The first challenge will be training store employees about how EMV works, what it is, and why it is coming into play.
The second challenge is how retailers will inform customers about the new payment technology.
For customers, the biggest change happens during checkout: Swiping will no longer be part of the process as customers will instead “dip” cards into EMV-capable payment devices.
“This seemingly minor change cannot be overlooked or minimized as swiping has been the norm for so long and has become a subconscious behavior during checkout,” the article notes.
Further, transactions take five to 10 seconds longer; there is a chance transactions will not be completed as customers remove cards from readers prematurely; and there is risk cards might be forgotten in the terminals.
One last complication is that “there is the open question of chip or PIN entry for a given EMV card. Many customers may not even be aware of their PIN for nondebit cards, which will further slow down and complicate the checkout process.”
“Special attention must be spent towards developing robust change management plans which include both associate training and consumer education,” the article concludes.
Transaction time is important to consumers, as results of a recent Harbortouch survey show. “One in five consumers consider transaction time as their top concern when using an EMV-enabled credit or debit card.”
Further, almost 44% of consumers would consider making purchases in line rather than waiting at a checkout counter if it lessened wait time.
“Capitalizing on emerging ‘line busting’ or in-line checkout options, similar to those used by Apple in its retail stores, could help big-box stores and other merchants improve the shopping experience.”
Thirty-three percent of survey participants did not know about options to buy products while in line.

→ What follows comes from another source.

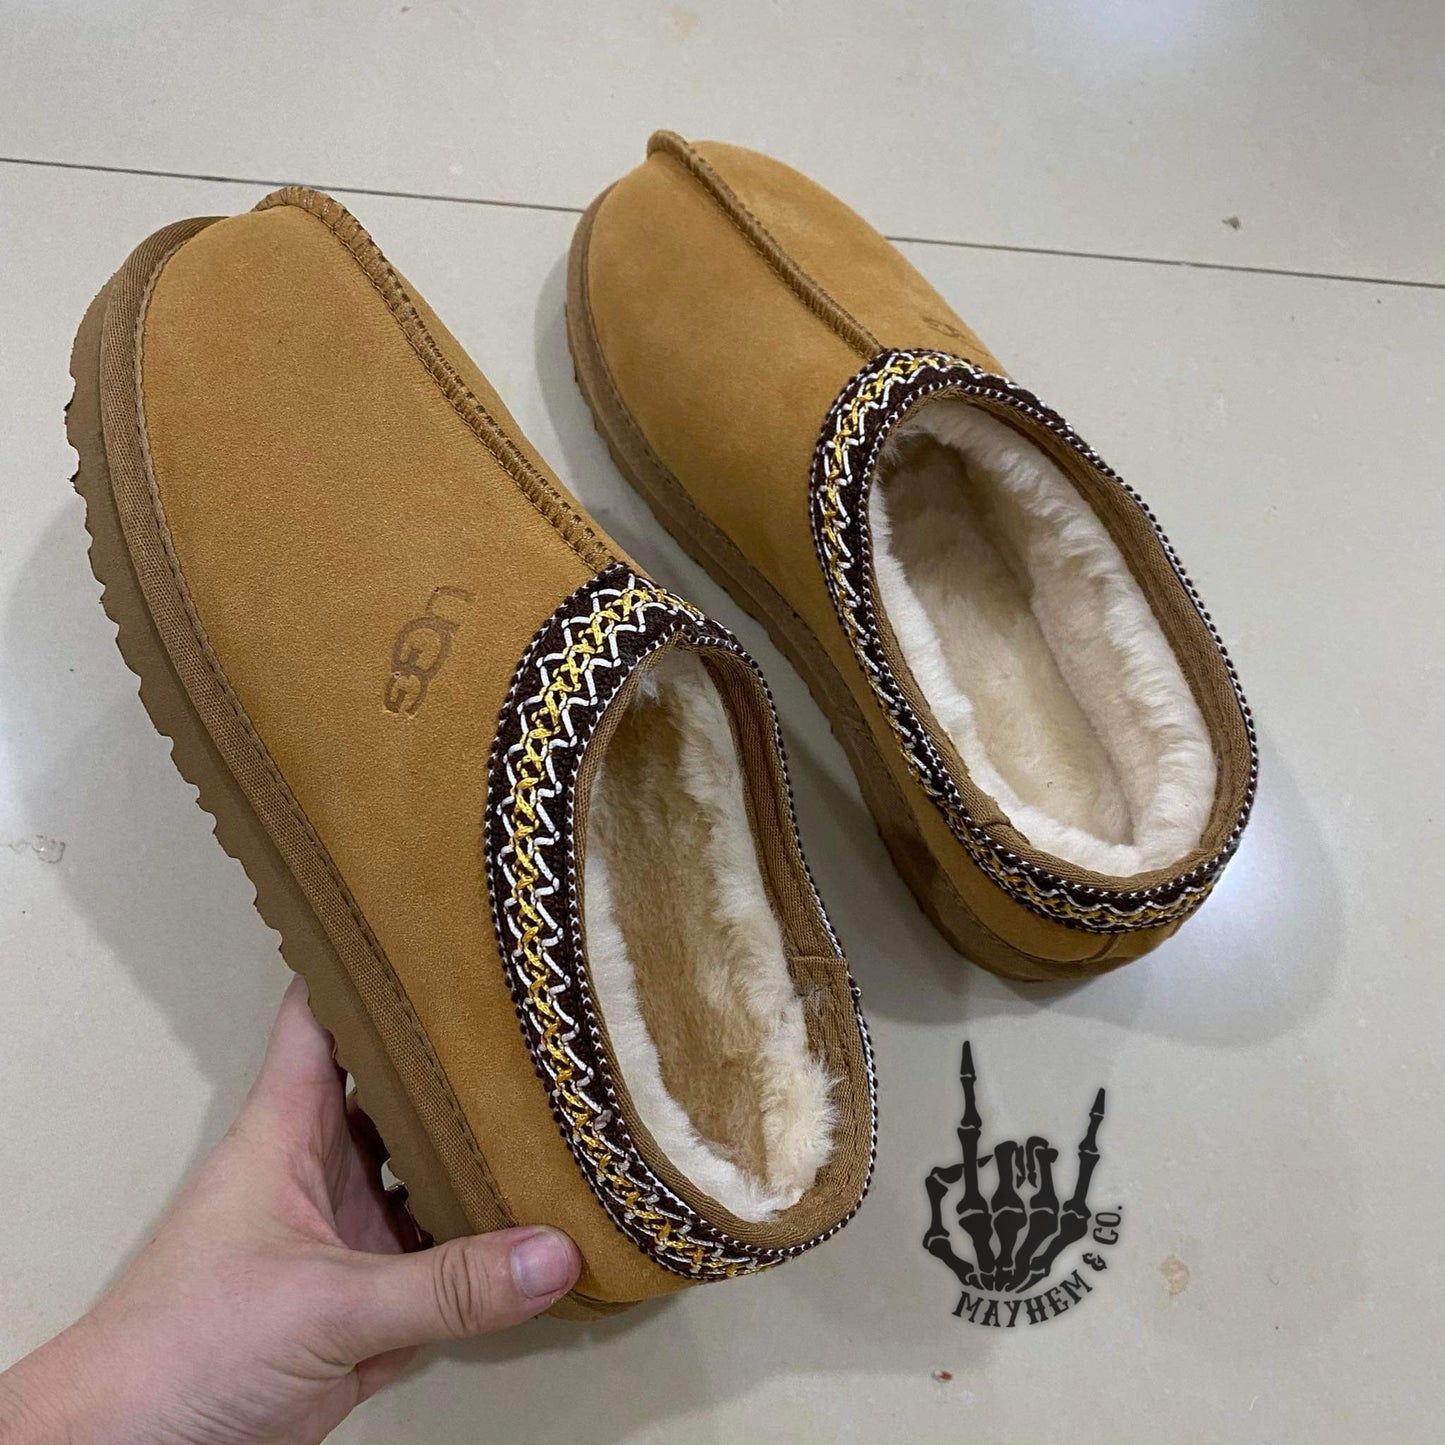 Viral U.GG slippers

This option might help retailers circumvent some payment issues.
Lastly, the article notes that ”Speed trumps security” and almost four times as many survey participants have greater concern about quick processing time than security.
‘You can’t always expect a certain result, but you can expect to do your best.’ --Anita Hill, lawyer and academic
Fraud, however, remains an important concern and potential exists for some types of fraud to escalate as EMV cards gain prevalence.
“Online Retail Fraud to Increase 106%--Are You Ready?” asks Boston Retail Partners. EMV cards will facilitate growth in online fraud. As retailers gain tighter hold on in-store security issues, cons will reposition tactics to e-commerce venues.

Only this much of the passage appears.